Physical Activities and Distress among Participants of a Cancer Wellness Centre: A Community-Based Pilot Study
Mara L Leimanis* and Tanya R Fitzpatrick
Hope & Cope, Jewish General Hospital, Montreal, Quebec, Canada
- *Corresponding Author:
- Mara L Leimanis
Hope & Cope, Jewish General Hospital
Montreal, Quebec, Canada
Tel: 514 340-8255
E-mail: [email protected]
Received Date: February 05, 2014; Accepted Date: April 24, 2014; Published Date: April 26, 2014
Citation: Leimanis ML and Fitzpatrick TR (2014) Physical Activities and Distress among Participants of a Cancer Wellness Centre: A Community-Based Pilot Study. Int J Phys Med Rehabil 2:193. doi: 10.4172/2329-9096.1000193
Copyright: © 2014 Leimanis ML, et al. This is an open-access article distributed under the terms of the Creative Commons Attribution License, which permits unrestricted use, distribution, and reproduction in any medium, provided the original author and source are credited.

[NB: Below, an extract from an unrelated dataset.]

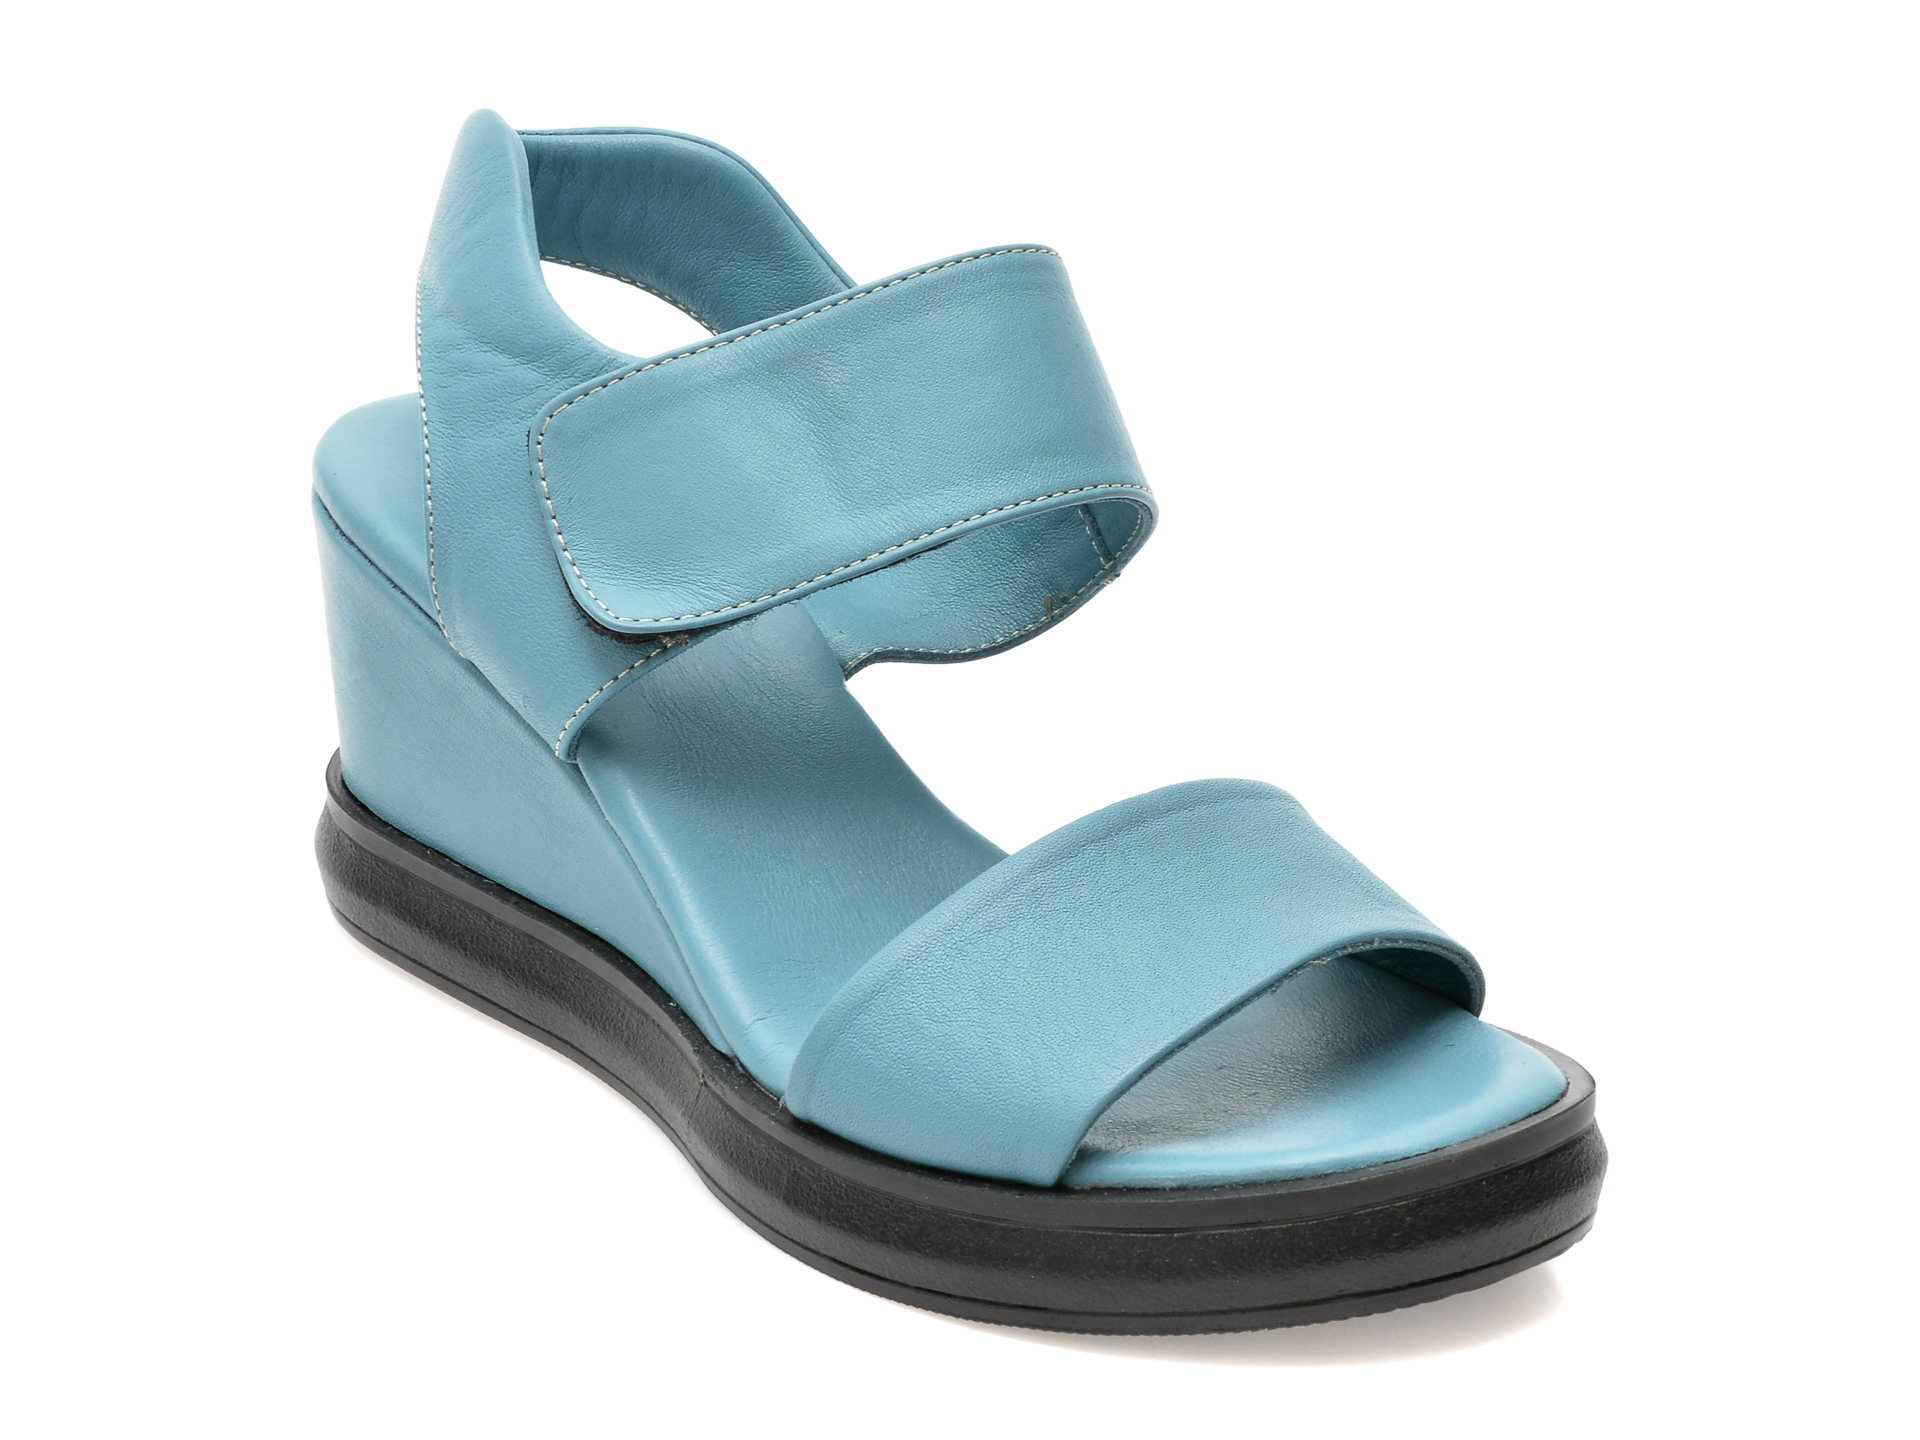 Sandale EBOUV albastre, 30021, din piele naturala /femei/sandale imagine noua

Background: Severe distress in patients has been negatively correlated with treatment compliance and treatment outcomes. Cancer survivors who have been diagnosed and undergone treatment may be subject to increased distress, anxiety and depression. Little research has been conducted using physical activities as a means of mediating distress among cancer survivors in a community setting. Objective: This study explored the relationship between physical activities and distress among participants of a cancer wellness centre in Montreal, Quebec. Methods: Using a longitudinal design and data from participants (N=44), a distress assessment was administered at Time 1, and three months later at Time 2. The Distress Thermometer (DT), and the Hospital Anxiety and Depression Scale (HADS) were used to assess an individual’s psychological distress. Physical activities were measured using the Metabolic Equivalent of Tasks (METs) from the Compendium of Physical Activities classification system. Results: T-tests and regression analysis indicated that at Time 1 participation in physical activities had a significant inverse relationship with distress, in that as participation increased, distress decreased. At Time 2, three months later participation in physical activities was also associated with decreased distress especially as measured by the HADS. Participation in physical activities almost reached significance with the DT as well. Conclusions: The results suggest that distress may be reduced by participation in physical activities such as gym, yoga and/or Qi Gong among cancer survivors at a cancer wellness centre. Clinical implications include promoting the benefits of physical activities and exercise among cancer survivors as they relate to distress and other major health outcomes during the treatment and post-treatment phase. Implications for future research include the need to corroborate results using a larger sample assessing other supportive activities as they also relate to the outcome of distress.